Sunday, January 17, 2010

My Whole Heart

You know when you need a good cry? Like a really good one...like you just think that it's impossible to feel better again until you let it all out. That's the way I feel at this moment. I try and peg my emotions on the fact that it's nearing the lovely time of the month and that might be but this feels just so real. And I hate it. It's so overwhelming and so exhausting...and I don't want to feel like this I just don't know how to shake it. And I know that in a couple days or even possibly by tomorrow everything will be fine again it's just that right now it's dragging me down. I texted a friend of mine today and said "I know that I'm in Australia and that everything is supposed to be awesome and all but this sucks at the moment and I need someone to be able to talk to." And man do I ever feel like that. I'm on a freaken amazing trip right now and I hate it. I want to be home around people that I love. I know as soon as we are travelling again it'll be fine and I'll be happy to be here again but right now I feel like I'd rather be in Canada in the minus whatever degrees than be here.
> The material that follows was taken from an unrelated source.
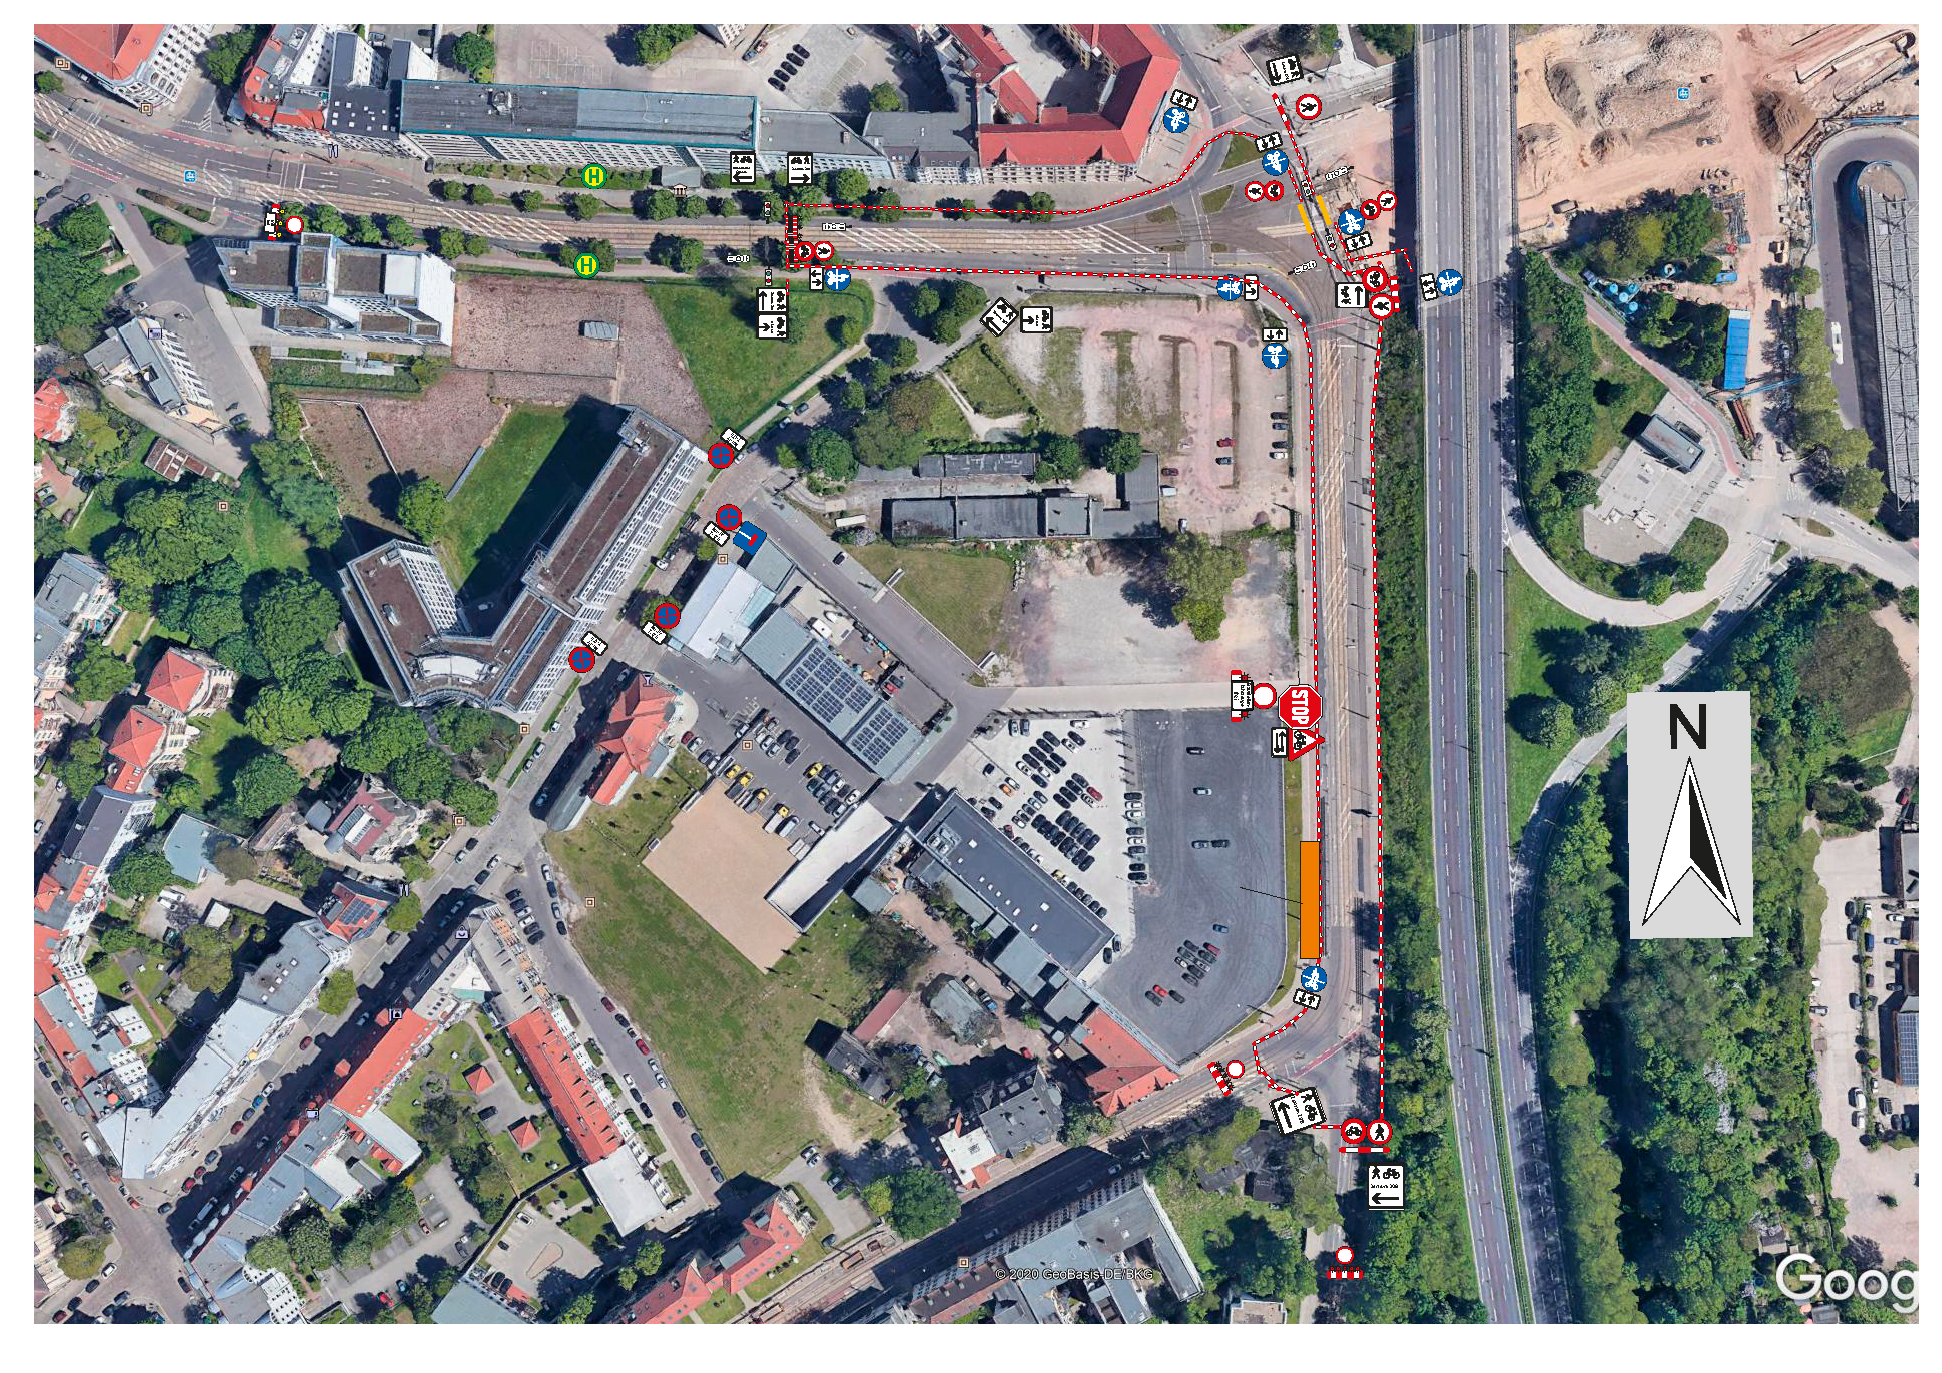 Fuß- und Radwege am Adelheidring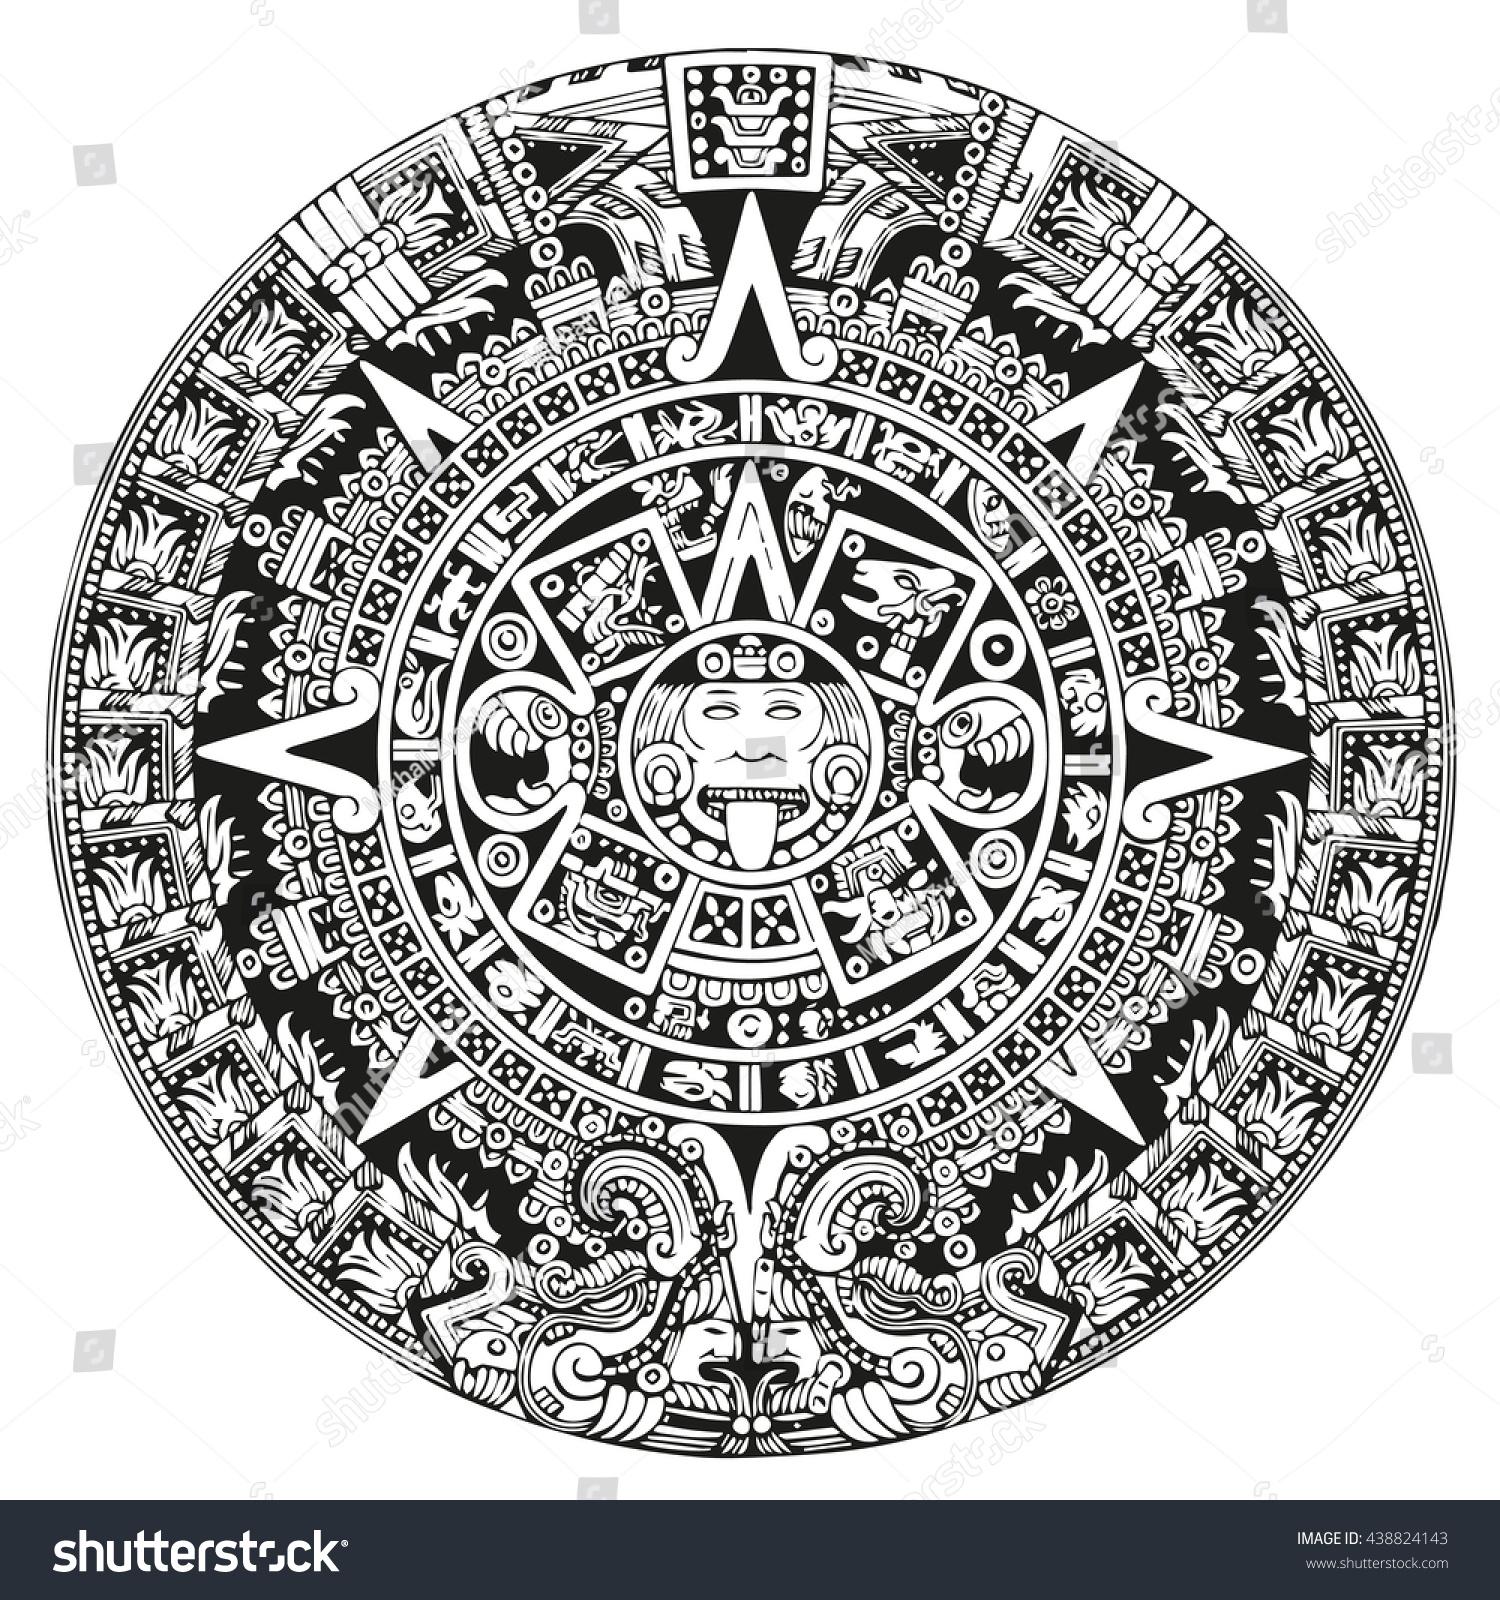 mayan astronomy symbols - photo #14

Okay I'm done throwing myself a pity party. I just needed to get that off my chest because it's just how it goes at the moment. I think that, well at the moment I am getting a signal from my room because we have changed rooms. So as long as I keep on getting this signal you can count on many more blog posts. Which is awesome because this is like the best therapy I could get. Even after writing all that down, even though it's depressing, I feel a lot better. Well I still feel like having a cry but not quite as bad.

Please go to youtube (if it wasn't blocked I would totally have put it on here) and listen to this song. It's called White Blank Page by Mumford and Sons and I'm in love. Really with anything and everything by this band. They continue to blow my mind.

Can you lie next to her and give her your heart, your heart?
As well as your body, and can you lie next to her and confess your love, your love?
As well as your folly and can you kneel before the king and say ‘I’m clean’, ‘I’m Clean’?
But tell me now where was my fault, in loving you with my whole heart?
But tell me now where was my fault, in loving you with my whole heart?
Her white blank page & a swelling rage, rage
You did not think when you sent me to the brink, the brink
You desired my attention but denied my affections, affections
But tell me now where was my fault, in loving you with my whole heart.
But tell me now where was my fault, in loving you with my whole heart
Lead my to the truth and I will follow you with my whole life
Lead my to the truth and I will follow you with my whole life

1 comment:

Dariane said...

Well I am unable to comment on the blog above this one. So I will just comment here.

I MISS YOU SO MUCH and want to talk soon!
Text me and let me know when you have time.
I never knew you were on Twitter too. Oh dear.
Well let me know when I can call.
I love you
XOXO
Dariane

PS I recieved your package in the mail just now. I LOVE IT! Thanks so much. I was so excited to open it.